Causes of perinatal deaths in Australia: Slow progress in the preterm period.

AIM: The majority of perinatal deaths occur in the preterm period; however, current approaches predominantly focus on prevention in the term period. Reducing perinatal deaths in the preterm period is, therefore, key to reducing the rates of perinatal death overall in Australia. The aim was to understand the classifications of causes of preterm stillbirth and neonatal death in Victoria over time and by gestation.
MATERIALS AND METHODS: Retrospective study using state-wide, publicly available data. All births in Victoria between 2010 and 2018 included in the Victorian Perinatal Data Collection, excluding terminations of pregnancy for maternal psychosocial indications, were studied. Differences in causes of preterm perinatal mortality gestation group and over time were determined.
RESULTS: Out of 7977 perinatal deaths reported, 85.9% (n = 6849) were in the preterm period. The most common cause of preterm stillbirths was congenital anomalies (n = 1574, 29.8%), followed by unexplained antepartum deaths (n = 557, 14.2%). The most common cause of preterm neonatal death was spontaneous preterm birth (sPTB; n = 599, 38.2%), followed by congenital anomalies (n = 493, 31.4%). The rate of preterm stillbirths due to hypertension (-14.9% (95% CI -27.1% to -2.7%; P = 0.02)), maternal conditions (-24.1% (95% CI -44.2% to -4.0%; P = 0.03)) and those that were unexplained (-5.4% (95% CI -9.8% to -1.2%; P = 0.02)) decreased per annum between 2010 and 2018. All other classifications did not change significantly over time.
CONCLUSION: Prevention of congenital anomalies and sPTB is critical to reducing preterm perinatal mortality. Greater emphasis on understanding causes of preterm deaths through mortality investigations may reduce the proportion of those considered 'unexplained'.

INTRODUCTION

The loss of a baby is a devastating outcome with far‐reaching impacts on individuals, families and communities. , Current approaches to reducing perinatal death focus predominantly on care in the term period. The benefits of these targeted approaches are beginning to be realised, and the proportion of stillbirths occurring in the term period has decreased from 25% to 15% over the past two decades in Australia. These same gains, however, have not been observed in the preterm period (before 37 weeks’ gestation). Of the 1256 babies who were stillborn in Australia in 2018, 90% of them (n = 1136) were born at <37 weeks’ gestation, and 71% (n = 889) were born before 28 weeks’ gestation. Hence, while term stillbirths have reduced, the overall stillbirth rate has remained at approximately six babies per day for over a decade. Reducing stillbirth in the preterm period is, therefore, key to reducing the rates of stillbirth overall in Australia. Similarly, the rate of neonatal death (NND) in Australia has remained stagnant for over a decade, with roughly two babies a day dying in the neonatal period, many of which are the result of prematurity.

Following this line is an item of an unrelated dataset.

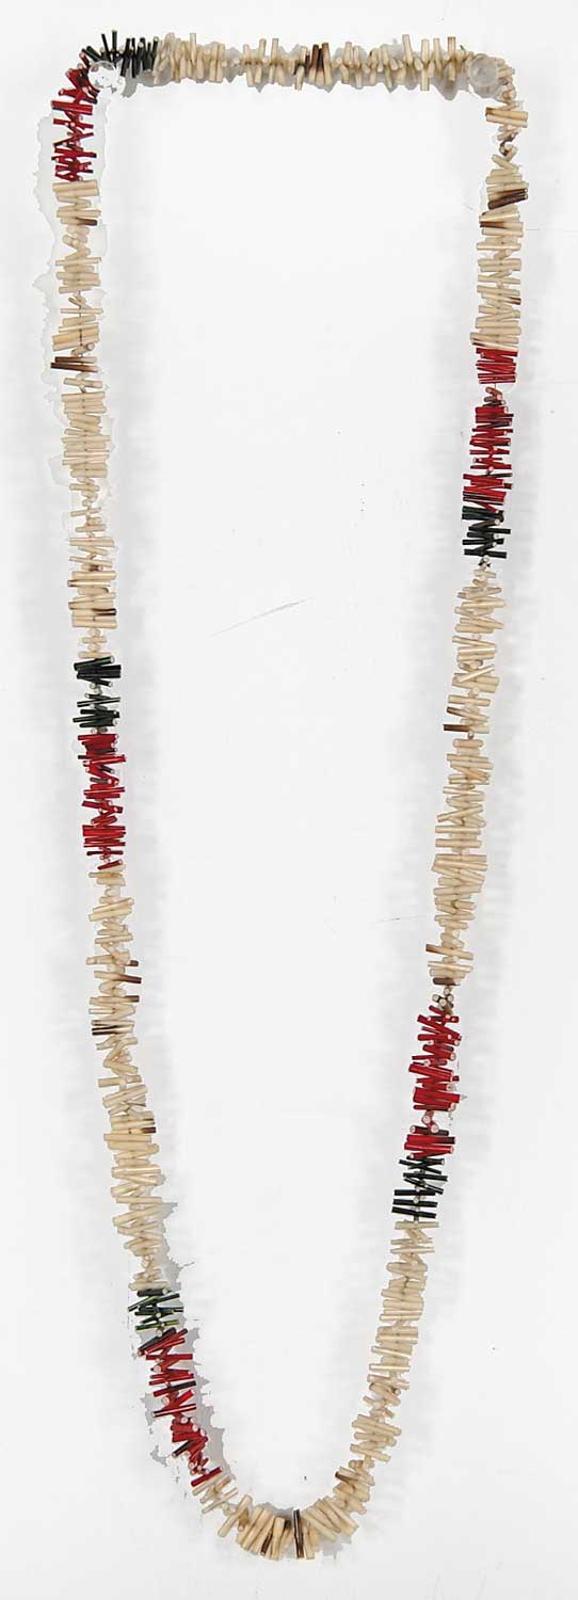 First Nations Basket School - Quill Necklace

Together, both stillbirths and NND make up perinatal deaths; however, epidemiological studies of preterm perinatal mortality tend to focus on either stillbirth or NND, despite them sharing common pathways. , Furthermore, there are several challenges in understanding trends in preterm perinatal death. Firstly, national‐based reporting shows that causes of death in the preterm period differ by gestation; however, the significance of these differences is not well understood. National data sets also do not delineate terminations of pregnancy (TOP) >20 weeks’ gestation, which clouds our understanding of the key causes of perinatal death. Over the past decade, clinical care, frequency of perinatal autopsy , and the obstetric risk profile of women giving birth in Australia have changed. , It is unknown, however, whether the causes of preterm perinatal death between gestations have changed over time in relation to these changing factors.

This study aims to address these limitations, with a goal to identify future directions to reduce preterm perinatal death. Using detailed Victorian data, we present the differences in causes of perinatal death, delineating between stillbirths and NND, by preterm birth gestational groups and over time between 2010 and 2018.

MATERIALS AND METHODS

This was a population‐based retrospective cohort study of all births in Victoria. We extracted data from the publicly available Victoria’s Mothers, Babies and Children’s reports, reporting on all births and deaths from 2010 to 2018. As part of the Victorian Perinatal Data Collection (VPDC), these reports include data for all births and perinatal deaths reported to the Consultation Council on Obstetric and Paediatric Mortality and Morbidity (CCOPMM), the state’s independent advisory body on maternal, perinatal, and paediatric mortality. Once reviewed by CCOPMM, data are deidentified and published annually. ,

We extracted data for total births, live births and perinatal deaths; stillbirths (>20 weeks’ gestation or a weight ≥400 g, if gestation was unknown), and NND (death of a liveborn baby within 28 days of birth) occurring in the preterm period (<37 weeks’ gestation) per year. Preterm births were classified according to World Health Organisation (WHO) standard gestational groups, as occurring at <28 weeks (extremely preterm), 28–31+6 weeks (very preterm) or 32–36+6 weeks (moderate‐late preterm) gestation.

We extracted causes of stillbirth and NND, determined according to the Perinatal Society of Australia and New Zealand Perinatal Death Classification (PSANZ‐PDC) from the publicly available reports (please see Appendix  for classifications) for each gestational group and excluded TOP for maternal psychosocial indications (MPI). TOP due to congenital anomaly and other maternal conditions remained included. We tabulated the PSANZ‐PDC for stillbirths and NNDs for each preterm group. Differences in proportions were compared using a χ2 test. Finally, rates of classified cause of perinatal deaths per 1000 births were tabulated by year. Changes in the rates over time were determined by computing the natural logarithms of the rates before performing log‐linear regression. Coefficients and 95% CIs were then exponentiated to determine percentage changes. All analyses were undertaken using StataCorp 12.IC. A P‐value <0.05 (two‐tailed) was determined to be statistically significant.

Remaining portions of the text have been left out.